Segluromet causes intravascular volume contraction and can cause renal impairment. There have been reports of acute kidney injury, some requiring hospitalization and dialysis, in patients receiving SGLT2 inhibitors. Before initiating Segluromet, consider factors that may predispose patients to acute kidney injury. Consider temporarily discontinuing Segluromet in any setting of reduced oral intake or fluid losses; monitor patients for signs and symptoms of acute kidney injury. If acute kidney injury occurs, discontinue Segluromet promptly and institute treatment.
Segluromet increases serum creatinine and decreases eGFR. Patients with moderate renal impairment (eGFR 30 to less than 60 mL/min/1.73 m2) may be more susceptible to these changes. Renal function abnormalities can occur after initiating Segluromet. Renal function should be evaluated prior to initiating Segluromet and periodically thereafter. Use of Segluromet is not recommended when eGFR is persistently between 30 and less than 60 mL/min/1.73 m2 and is contraindicated in patients with an eGFR less than 30 mL/min/1.73 m2.
There have been postmarketing reports of serious urinary tract infections, including urosepsis and pyelonephritis, requiring hospitalization in patients receiving SGLT2 inhibitors. Cases of pyelonephritis also have been reported in ertugliflozin-treated patients in clinical trials. Treatment with SGLT2 inhibitors increases the risk for urinary tract infections. Evaluate for urinary tract infections and treat promptly.
An increased risk for lower limb amputation has been observed in clinical studies with another SGLT2 inhibitor. Across seven Phase 3 clinical trials with ertugliflozin, non-traumatic lower limb amputations were reported in 1 (0.1%) patient in the comparator group, 3 (0.2%) patients in the ertugliflozin 5 mg group, and 8 (0.5%) patients in the ertugliflozin 15 mg group. A causal association between ertugliflozin and lower limb amputation has not been definitively established. Before initiating Segluromet, consider factors that may predispose patients to the need for amputations. Counsel patients about the importance of routine preventative foot care. Monitor patients and discontinue Segluromet (ertugliflozin and metformin hydrochloride) if complications occur.
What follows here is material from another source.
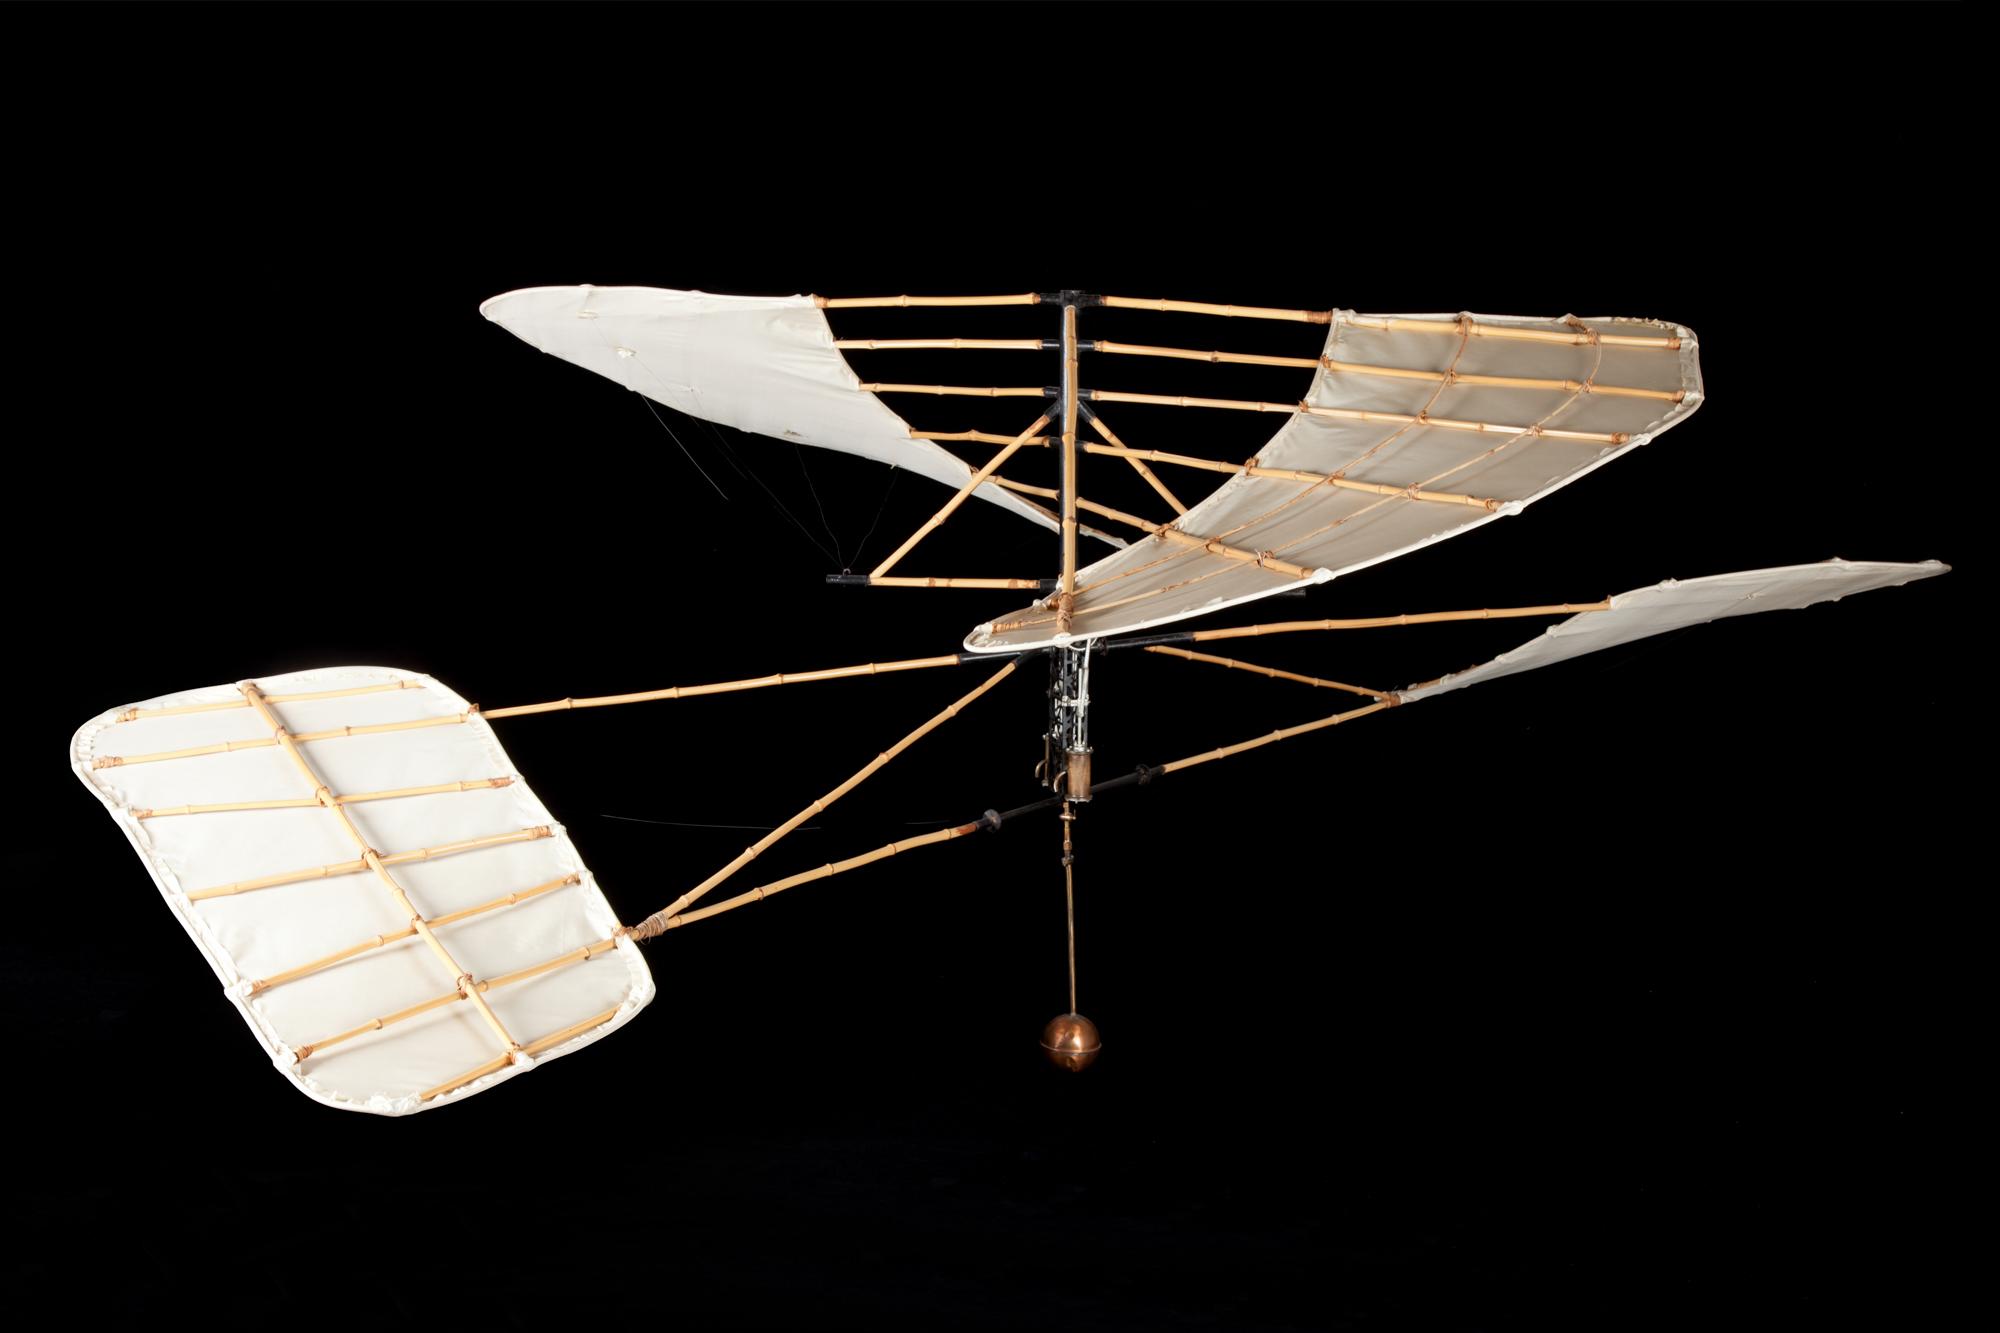 Elicottero Milano : File:elicottero sperimentale enrico forlanini 1877 museo scienza e

Ertugliflozin may increase the risk of hypoglycemia when combined with insulin and/or an insulin secretagogue. Consider lowering the dose of these agents when coadministered with Segluromet. Hypoglycemia could occur when caloric intake is deficient, when strenuous exercise is not compensated by caloric supplementation or during concomitant use of other glucose-lowering agents or with the use of ethanol.
Ertugliflozin increases the risk of genital mycotic infections, particularly in patients with a history of these infections or who are uncircumcised. Monitor and treat appropriately.
Dose-related increases in LDL-C can occur with Segluromet. Monitor and treat as appropriate.
There have been no clinical studies establishing conclusive evidence of macrovascular risk reduction with Segluromet.
The most common adverse reactions associated with ertugliflozin (incidence ≥5%) were female genital mycotic infections. The most common adverse reactions associated with metformin (incidence ≥5%) were diarrhea, nausea, vomiting, flatulence, abdominal discomfort, indigestion, asthenia and headache.